TIMES SQUARE, Manhattan (WABC) -- Thousands of people flocked to Manhattan's East Side near the United Nations on Tuesday evening to show their support for Israel as the war rages on overseas.
The gathering was so large at the UJA-Federation-sponsored 'New York Stands with Israel' rally and vigil at Dag Hammarskjold Plaza that the crowd spilled back onto Second Avenue and 47th Street.
Supporters waved Israeli flags, some of whom expressed concern for the victims and the hostages.
"I'm worried about all the hostages," one supporter said. "What's going to happen to them? How is Israel going to conquer Hamas and still free the hostages? I don't know. It's very frightening, so just to know that we're behind them. What else can we do?"
In another show of support, Mayor Adams invited members of the Jewish Community to Gracie Mansion on Wednesday to begin the healing process.
New York City Mayor Eric Adams, Governor Kathy Hochul and Attorney General Letitia James all spoke at the vigil.
"Yes, we are called upon to pray for peace, but justice first," Hochul said. "There must be justice for the slaughter of babies, and children, and grandmothers, and families torn apart by the horror that happened to their loved ones."
"We are not all right," Mayor Eric Adams said. "We are not all right when we see young girls pulled from their home and dragged through the streets. When we see grandmothers pulled from their homes."
But all the speeches won't erase the horror.
Along with silence, there was a plea from a mother, clinging to hope that her son would survive.
"Omer is now believed to be held by Hamas," one mother said. "Omer, we know you are alive. We know you are whole. Be strong."
Omer Neutra was born on Long Island, but moved to Israel and joined the IDF. His family spoke with him the night before the attacks over the weekend.
A few miles away, New Jersey Governor Phil Murphy spoke at a waterfront vigil in Hoboken, where people gathered and lit candles together.
"At this moment, the more than 5,700 miles that separate New Jersey, from the people of Israel, those miles have all but vanished," he said. "Because, though we may be separated by a great physical distance, it's spirit. We are united in heartbreak and grief. And as a state with one of the largest Jewish, Israeli-American communities in the world. The brutality and carnage we have witnessed over the weekend hits especially hard. It is personal."
In other areas of the Tri-State, like Nassau County, another rally, hosted by Executive Bruce Blakeman, was held at the Harry Chapin Lakeside Theatre in Eisenhower Park in East Meadow, where thousands gathered to show support for Israel.
"Israel is strong and we stand behind Israel," Blakeman said.

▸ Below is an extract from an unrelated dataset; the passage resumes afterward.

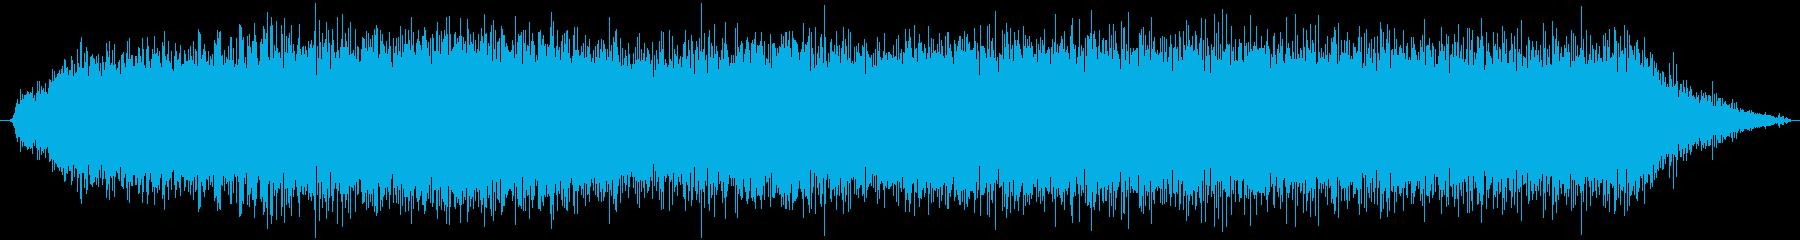 小さな輪郭サンダー:開始、実行、シ...の再生済みの波形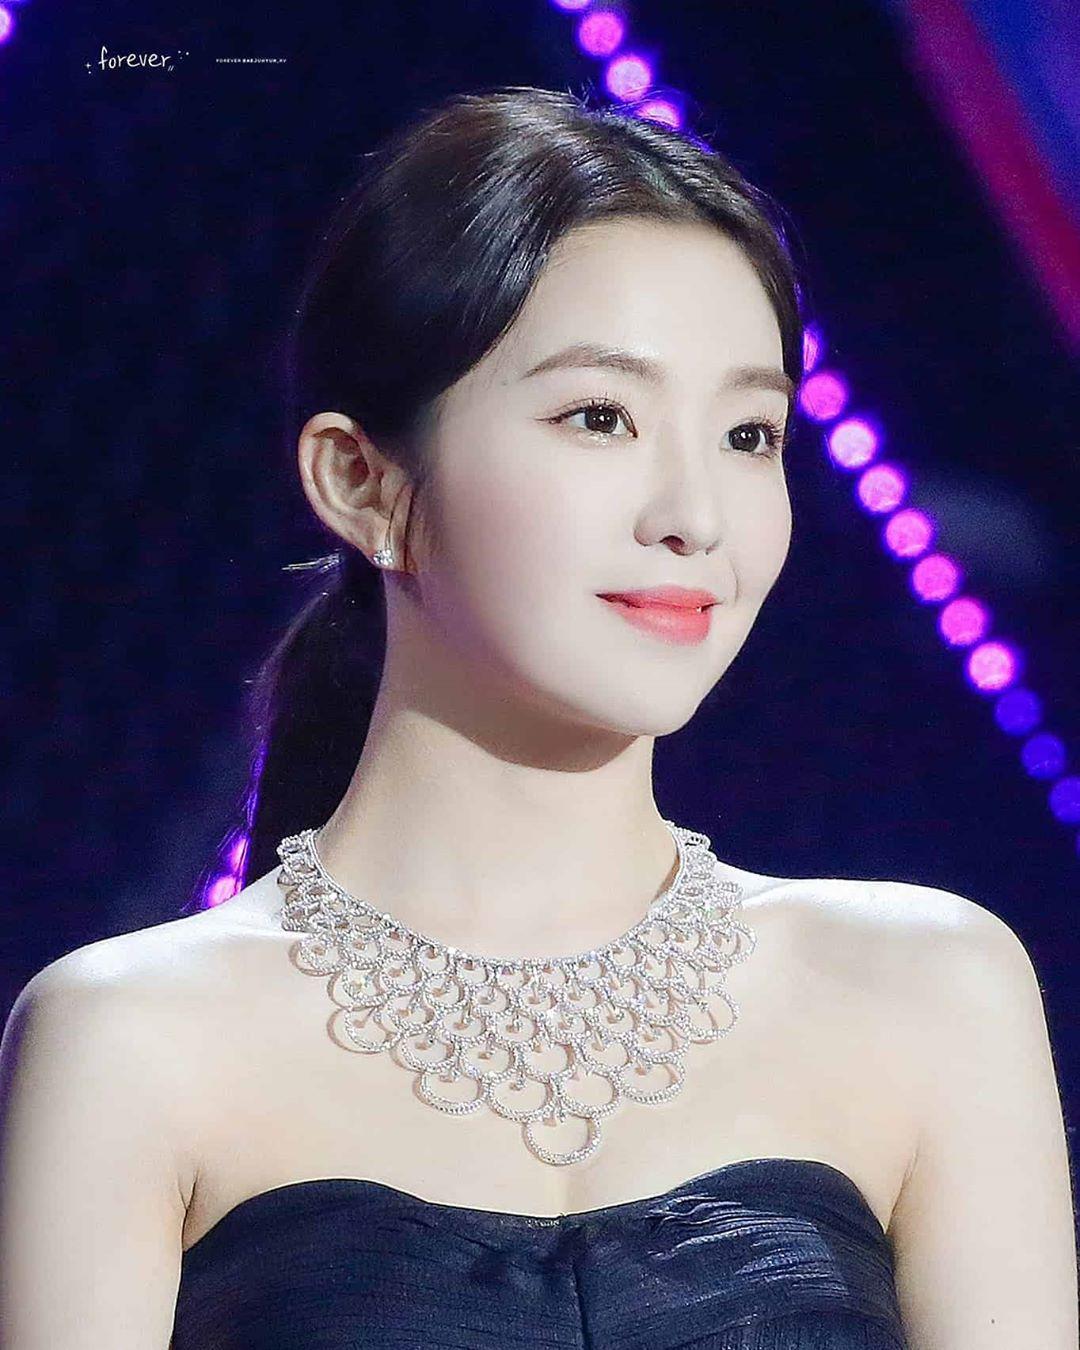 Mẫu phụ kiện Joy đeo thậm chí còn đắt hơn cả chiếc vòng cổ kim cương từng làm mưa làm gió cộng đồng mạng mà người chị em cùng nhóm Irene diện trong lễ hội âm nhạc cuối năm 2019.

For Long Island residents who wanted to do more and give in a tangible way, Nassau County collected supplies at the rally.
Donations of batteries, sleeping bags and toiletries will eventually be shipped to Tel Aviv.
"You couldn't get down the block there was so much stuff," Woodmere resident Shelley Scharaga said.
Scharaga says on a personal level, her neighbors in Woodmere have already sent several chartered planes full of essentials to Israel.
"People dropped off stuff. They dropped off so much stuff, they had to stop," Scharaga said. "That's our community. That's the Jewish people."
Donors were so generous at this rally that Eyewitness News reporter Lucy Yang was told that county leaders are now considering organizing another drive.
Tuesday marked the third day of rallies across the Tri-State area following Hamas' surprise attack of Israel over the weekend.